# EXERCISE GOAL
Taking the entries below, transcribe only the lines starting with the one with "Sorry this sucks lol 🥀🖤" and going on through the one with "The world is ugly- My Chemical Romance", exactly as written, without the pictures.

# INPUT MATERIAL
================
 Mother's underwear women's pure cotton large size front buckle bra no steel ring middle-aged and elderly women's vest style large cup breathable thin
================
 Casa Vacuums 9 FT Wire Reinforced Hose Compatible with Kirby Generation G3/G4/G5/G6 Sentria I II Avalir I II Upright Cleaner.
================
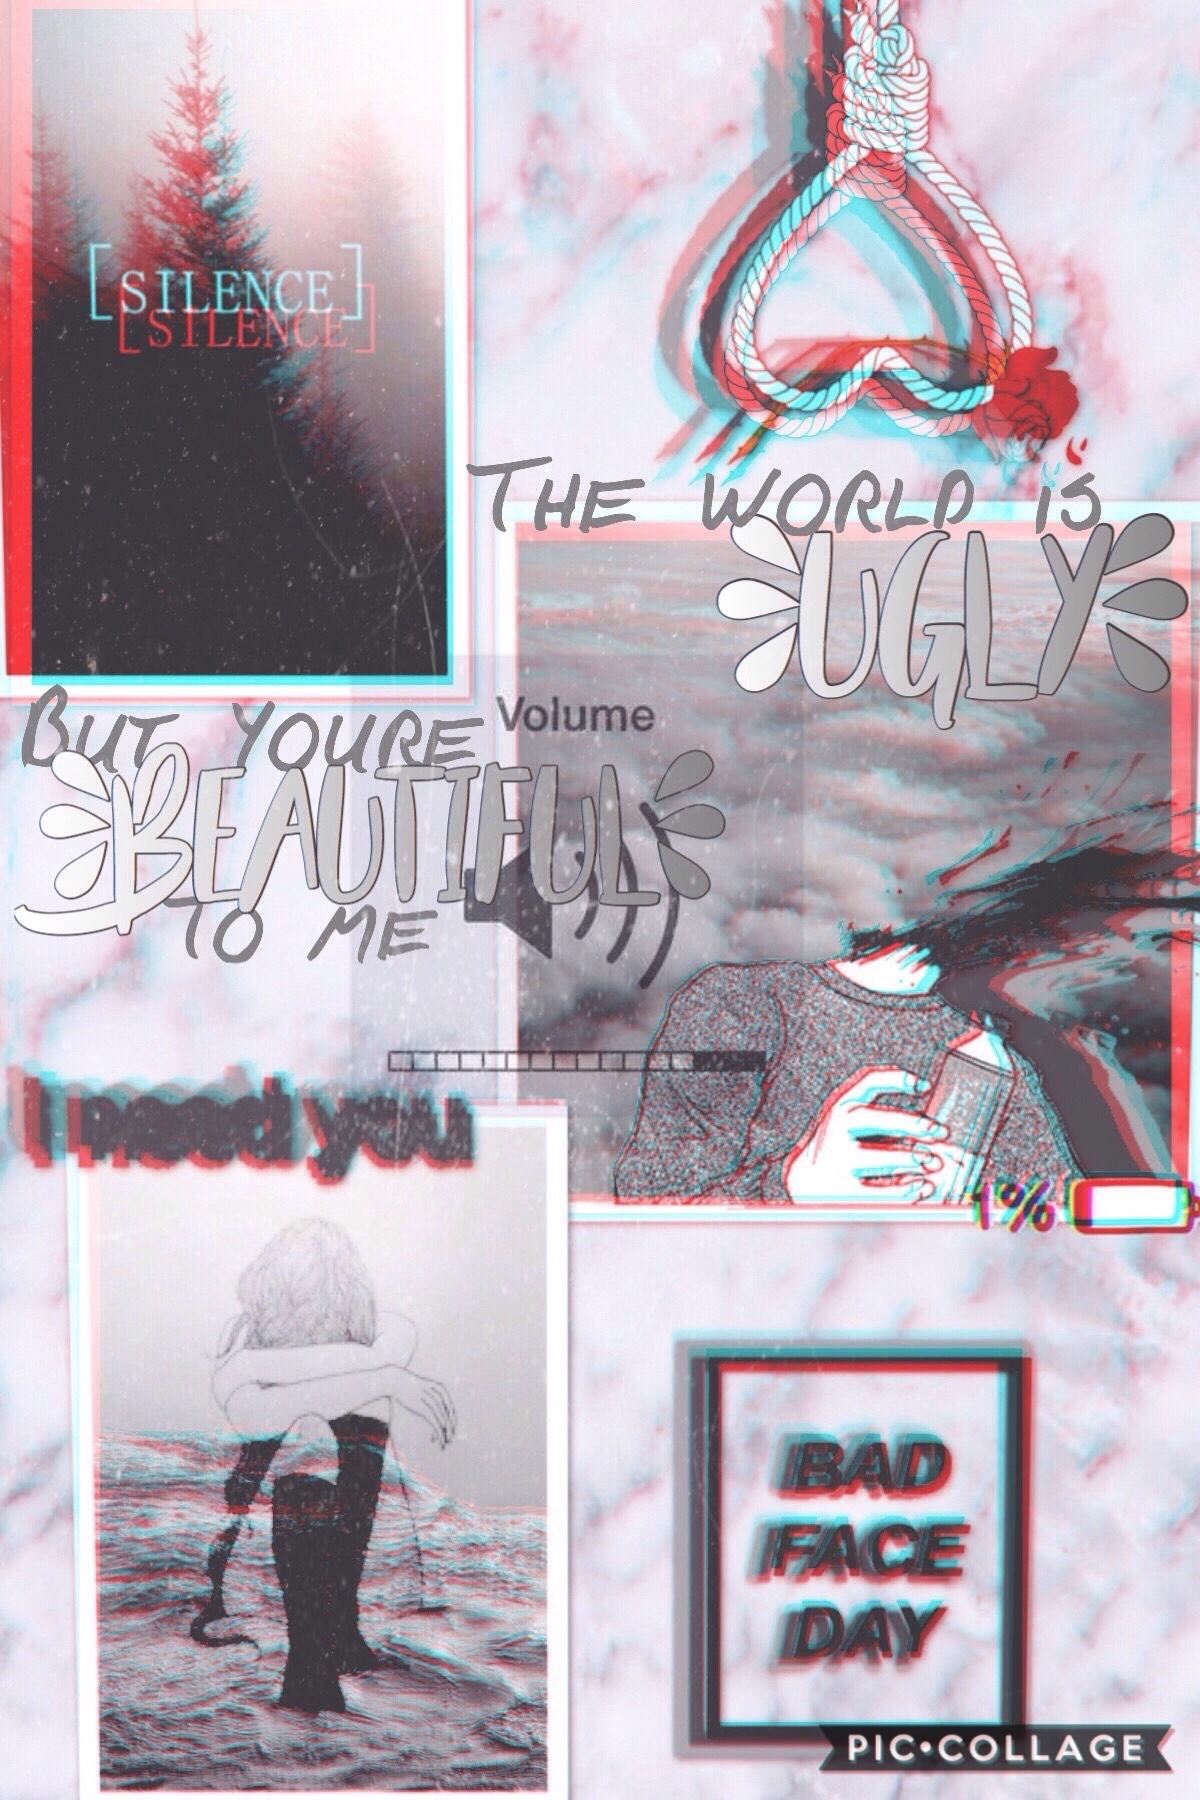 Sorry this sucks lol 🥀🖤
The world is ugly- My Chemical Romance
================
# SOLUTION TO THIS PROBLEM
 Sorry this sucks lol 🥀🖤
The world is ugly- My Chemical Romance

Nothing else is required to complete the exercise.